An article by John O’Dea in the Manchester City News of 18.2.1905 describes the New Cross Cholera Riot of 1832 that followed the death from cholera of a young boy who had died in the hospital in Swan Street. The child’s grandfather opened the coffin in the graveyard and ‘to his horror found that the child’s head had been severed from its trunk and a brick put in its place!’.
‘The rumour immediately spread that a child had been murdered at the Cholera Hospital. During the day a great crowd of frenzied men and women visited the cemetery. They took the coffin out of the grave, tore off the lid, and the mutilated corpse was exposed to the gaze of the horrified spectators.
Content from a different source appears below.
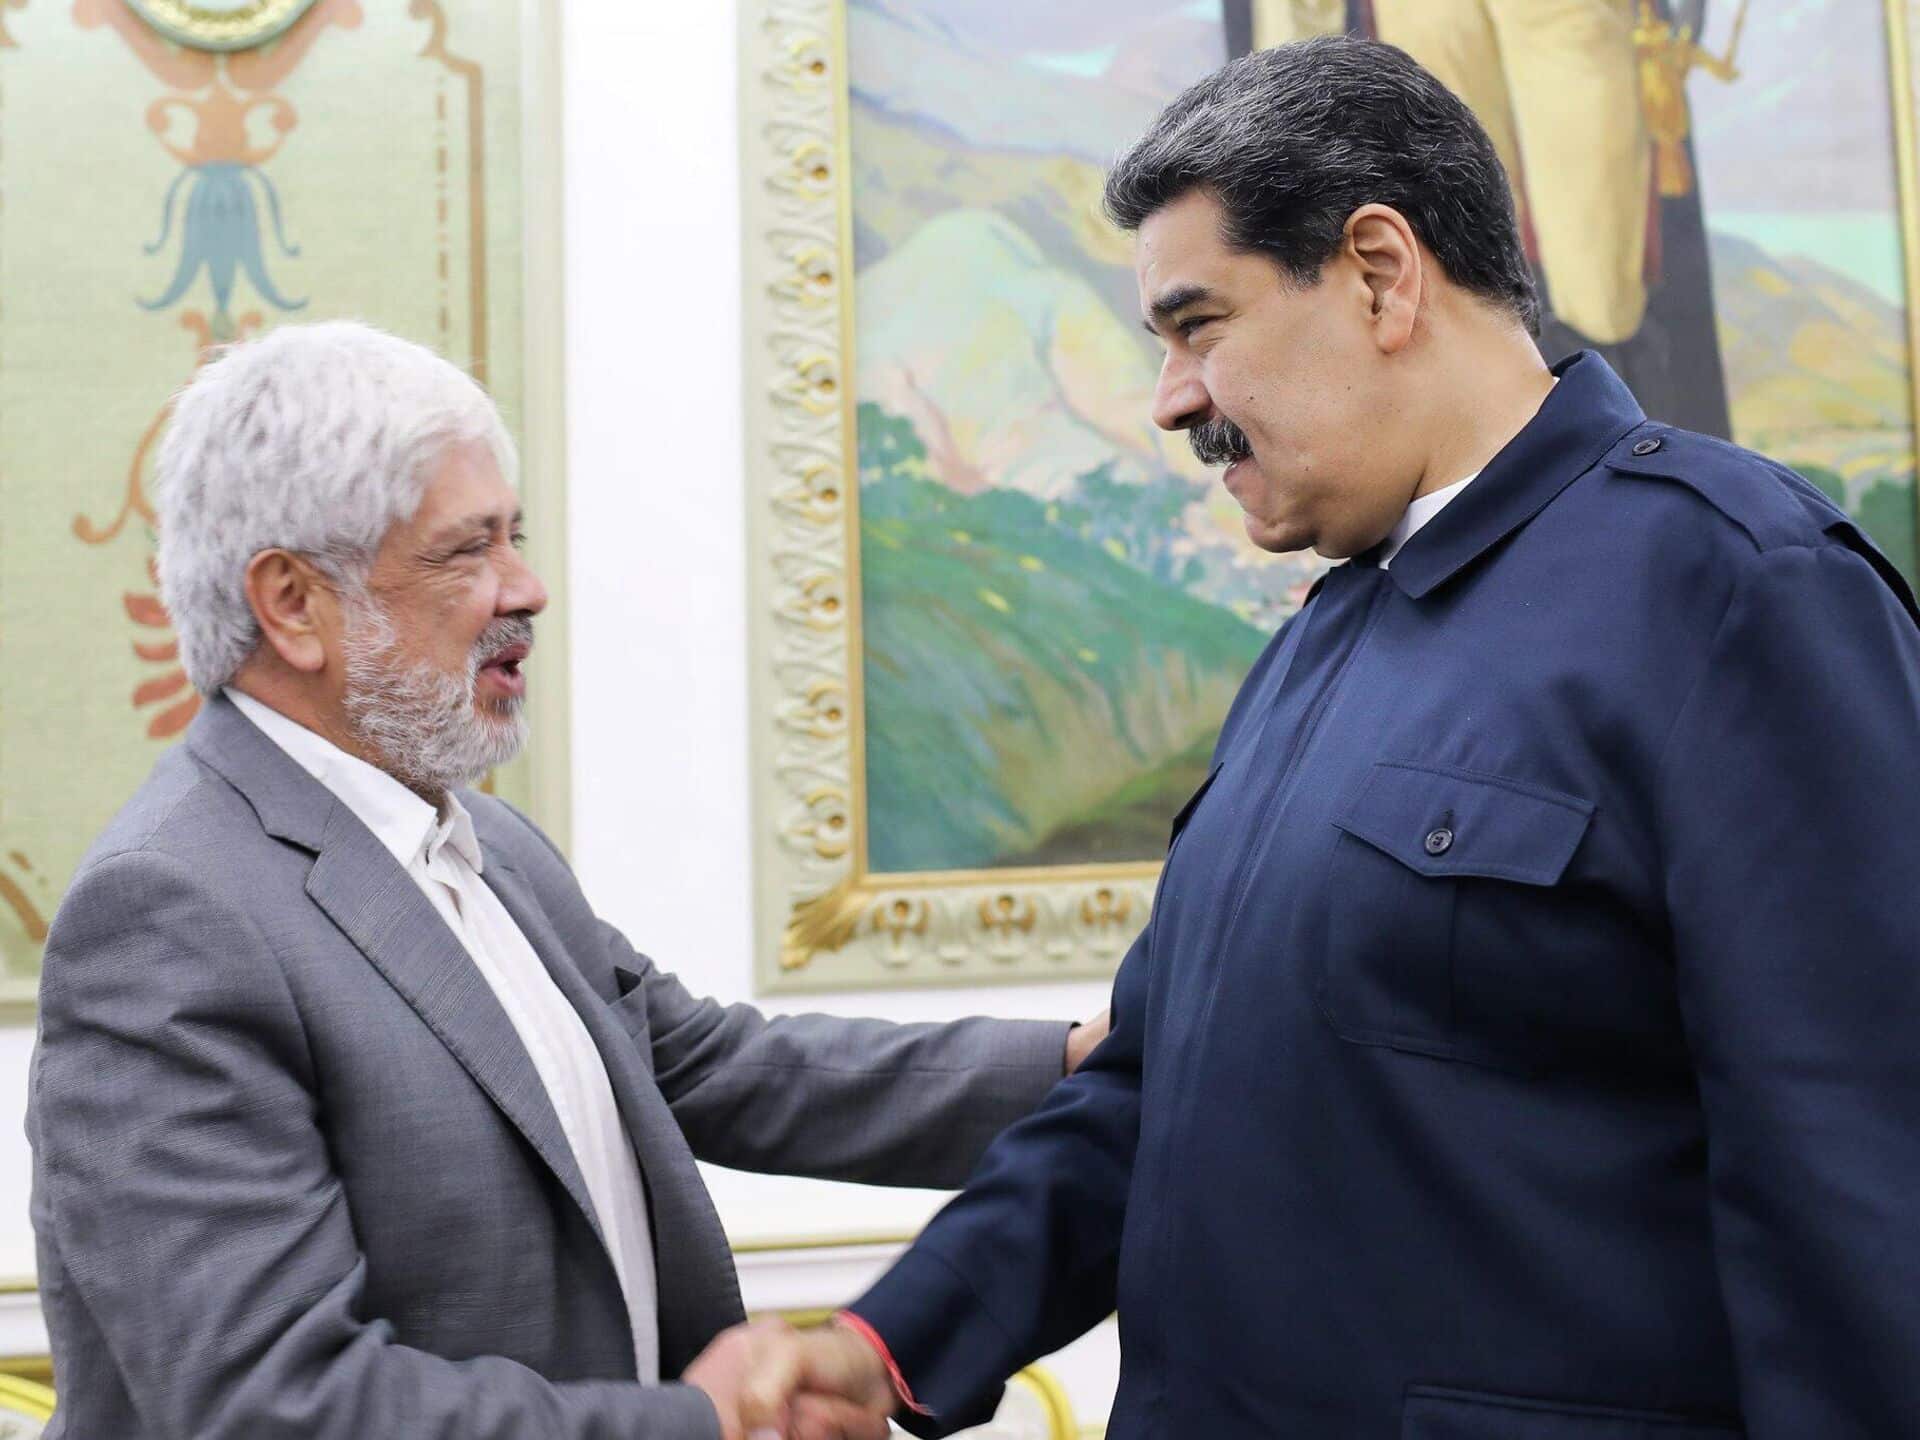 El acuerdo con el que los empresarios colombianos evitarán que Maduro expropie sus empresas en Venezuela
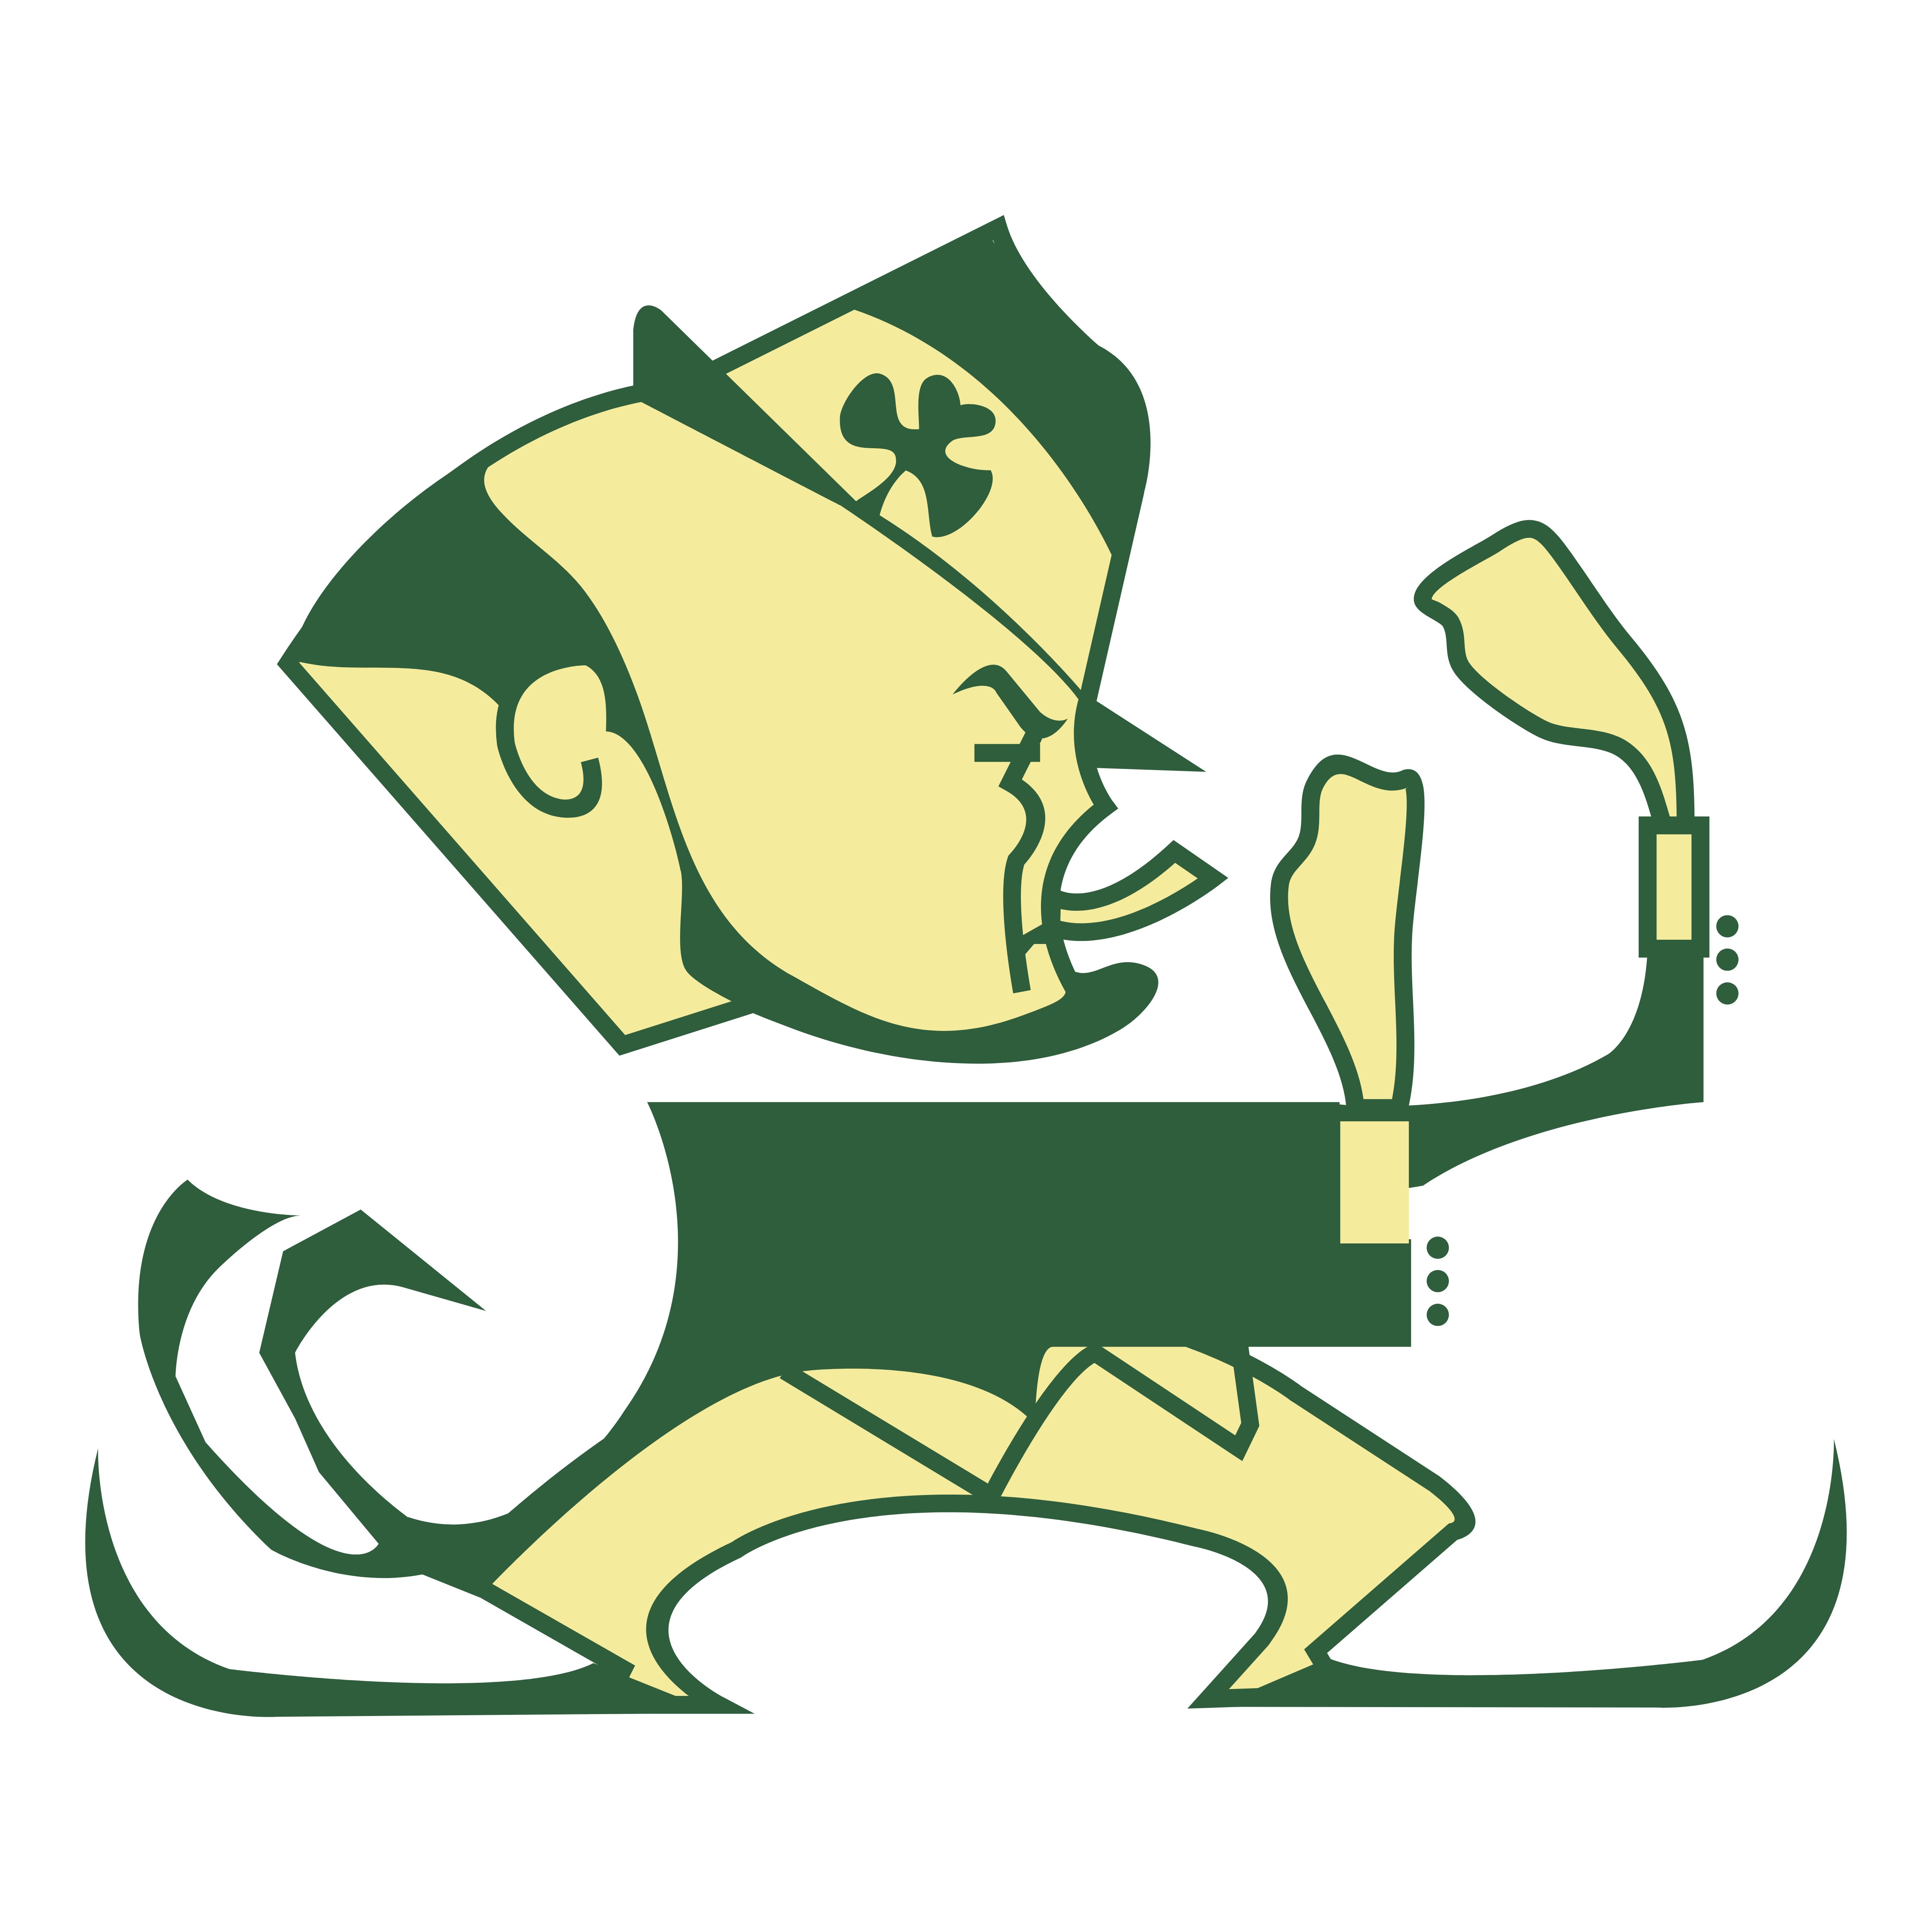 Notre Dame Fighting Irish – Logos Download

‘The Burke and Hare murders were still fresh in the memory of the public. A cry instantly arose, ‘Burkers! Burn the Hospital!’ The mob shouldered the corpse and made way to Swan Street. On arriving at New Cross the dimensions of the excited crowd had swollen ten-fold. They marched to the Hospital, forced the gates, and immediately set about demolishing the premises. Chairs, tables, beds and other articles of furniture were thrown into the street and broken to pieces. The Hospital van was dragged out, set on fire and destroyed. The doctors and attendants had warning of the coming of the mob, and thus were enabled to effect their retreat in safety. The patients, to the number of 28, were removed by their friends, but one man, who was in a state of collapse, died the same evening. The police at the adjoining Shudehill lock-ups – at this time numbering no more than 20 men – were powerless to cope with such an infuriated mass’.
Eventually a young Irish priest intervened and addressed the crowd, explaining that only one individual was to blame: a medical attendant who had removed the head with a view to selling it for dissection, without the knowledge of the medical board. The crowd took the priest’s advice and returned to their homes. But ‘the men, however, who had carried the coffin from the graveyard had, in the meantime, decamped with their gruesome burden down Oldham Street, demanding money from those who wished to obtain a sight of it’.
A ‘strong force of special constables’ eventually took the body to the Town Hall where a surgeon re-attached the head to the body and the following day a re-interment took place, attended by ‘an immense concourse of people’.
Another gruesome fact about New Cross is that early in the 19th century excavation work at the site revealed numerous human remains. These were the bodies of suicides and hanged criminal from a previous era. It was the practice to bury the bodies of suicides and hanged criminals at the town or village cross, and with a wooden stake through each body. This ancient practice was believed to allow evil spirits to escape from the dead bodies, and the crossroads location providing four escape routes.